Future-proofing manufacturing with data

Future-proofing manufacturing with data
Traditional manufacturers are struggling to optimise productivity. How can data help companies transition to smart manufacturing?

Mediocre decisions in a manual input world 

Henry Ford’s moving assembly line single-handedly revolutionised the auto industry and led to a drop in the number of car manufacturers from 253 to 44 by 1929. Factories today are achieving less than 50 percent of their full production capacity due to the dependence on manual inputs in the areas of inventory control, pricing reports and production planning. Early adopters are already planning for next-generation manufacturing plans with real-time, data-driven trend analysis and decision-making. 

The Industrial Internet of Things uses the Internet of Things to harness sensor data, automate data inputs, and use smart machines to capture, analyse and communicate optimal solutions to manufacturing issues. The efficiency of smart manufacturing depends on the reduction of time taken to make supply decisions, as well as the increased accuracy and volume of historical data. Traditional manufacturers use human inputs via excel and other tools, to compare historical data against present-day performance, and then decide how to proceed. Data gaps, human error, and the slower decision-making process involved in traditional planning can actually impact the accuracy and robust planning capacity of a plant.

Different strokes for different folks

India’s major industries are still lagging in a data-driven approach to production as they lack guidance on technical infrastructure, capital and training resources required to bring their capacities up to standard. Baosteel has already been able to mitigate the supply chain impacts of COVID-19 quarantine protocols through an intelligent remote control system. The automated manufacturing process enhanced internal safety measures for employees as well as stabilised the supply of goods, without compromising on their quality and efficiency standards. Precision Farming uses sensor technology to track environmental and soil conditions, automation to optimise farming processes, and streamlines farming outputs through satellite data and software solutions. The textile and paper industries can utilise smart fabrics to increase the lifespan of products, reduce consumer waste, and provide a feedback loop to manufacturers based on environmental sensor responses by products already in the market. 

Benchmarking to ease SMEs into IR4

The fourth industrial revolution (IR4) has five key features: optimisation and customisation, adaptability and automation, a human-machine interaction platform, automated visualisation and communication, and value-added business and services. 

The industrial revolution is obviously difficult but not impossible. The process will require an incremental approach with clear guidelines, quality checks and a visible, achievable benchmark. Through the training of the human resource to optimise data inputs, acquisition of technologies to analyse data, and the supervision of automated decision-making, smart manufacturing can help stabilise economies and make them resilient to unforeseen disruptions. 

The Indian government may not be able to consolidate every aspect of this change under general manufacturing reform, so it is up to industry leaders within sectors to set benchmarks and internal guidelines. They alone would have the initial rush of technical and financial capital, along with the ability to streamline the change management process, to develop the right solutions for their own businesses. Once proven to be successful, sector-wise guidelines can be prepared by domestic ministries or certifying bodies like the International Organization for Standardization (ISO) for small and mid-size enterprises (SMEs) to develop smart technology at their own scale and pace, with minimal operational disruptions. 

Are we giving up human intuition in exchange for autonomous talking appliances?

Machine learning is an algorithmic framework of data analysis and prediction, which is usually recommended to be used with an 80-20 approach. However, with artificial intelligence (AI) driving backend outputs and slowly replacing manual decision-making, the risk of losing that “human touch” grows. For example in the mortgage sector, a 100% AI-driven loan approval software could negatively impact first time buyers who have community/family support in their repayment plan, which is not accounted for in the platform algorithm. A local financier, on the other hand, would be able to gauge the community's impact through personal experience and understanding.

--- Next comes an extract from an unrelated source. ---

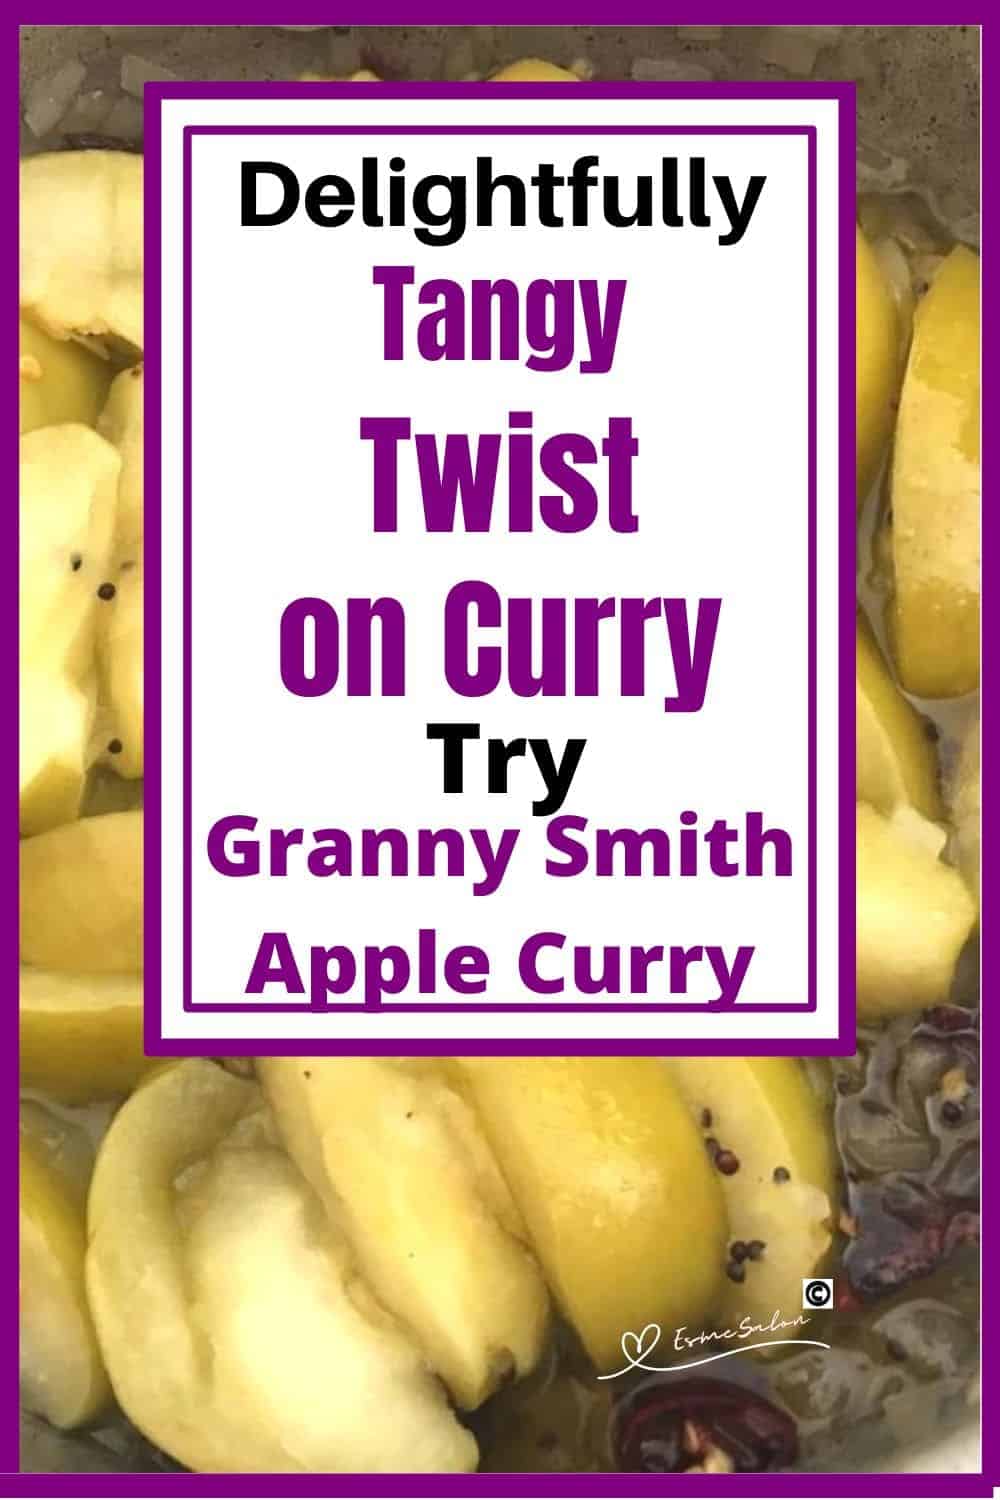 an image of a enamel dish filled with Granny Smith Apple Curry

  • If large scale corporations monopolise sectors through smart manufacturing, late adopters may never get the chance to catch up. Governments must encourage industry leaders to light the way and set benchmarks for smart manufacturing in their respective industries. This can then be scaled down for SMEs through regulatory entities run by the government or third-party certifying bodies. 

  • The lack of depth in the transparency of decision-making by both AI and the human brain makes it difficult to propose a complete removal of human intervention between analysis and action.  Human involvement in decision-making should still be a significant factor in supplementing nuance and human intuition to the logical solution provided by a data-driven output. 

  • Prior to the development and funding of smart technologies, companies must try to optimise their historical data inputs. By studying industry leaders and global supply chains, they can curate and control data entry points to maximise the accuracy, depth and breadth of data collection. Eventually, when technological frameworks replace existing manual processes, the accuracy and scope of the historical data collected until that point will determine the efficiency of the smart manufacturer.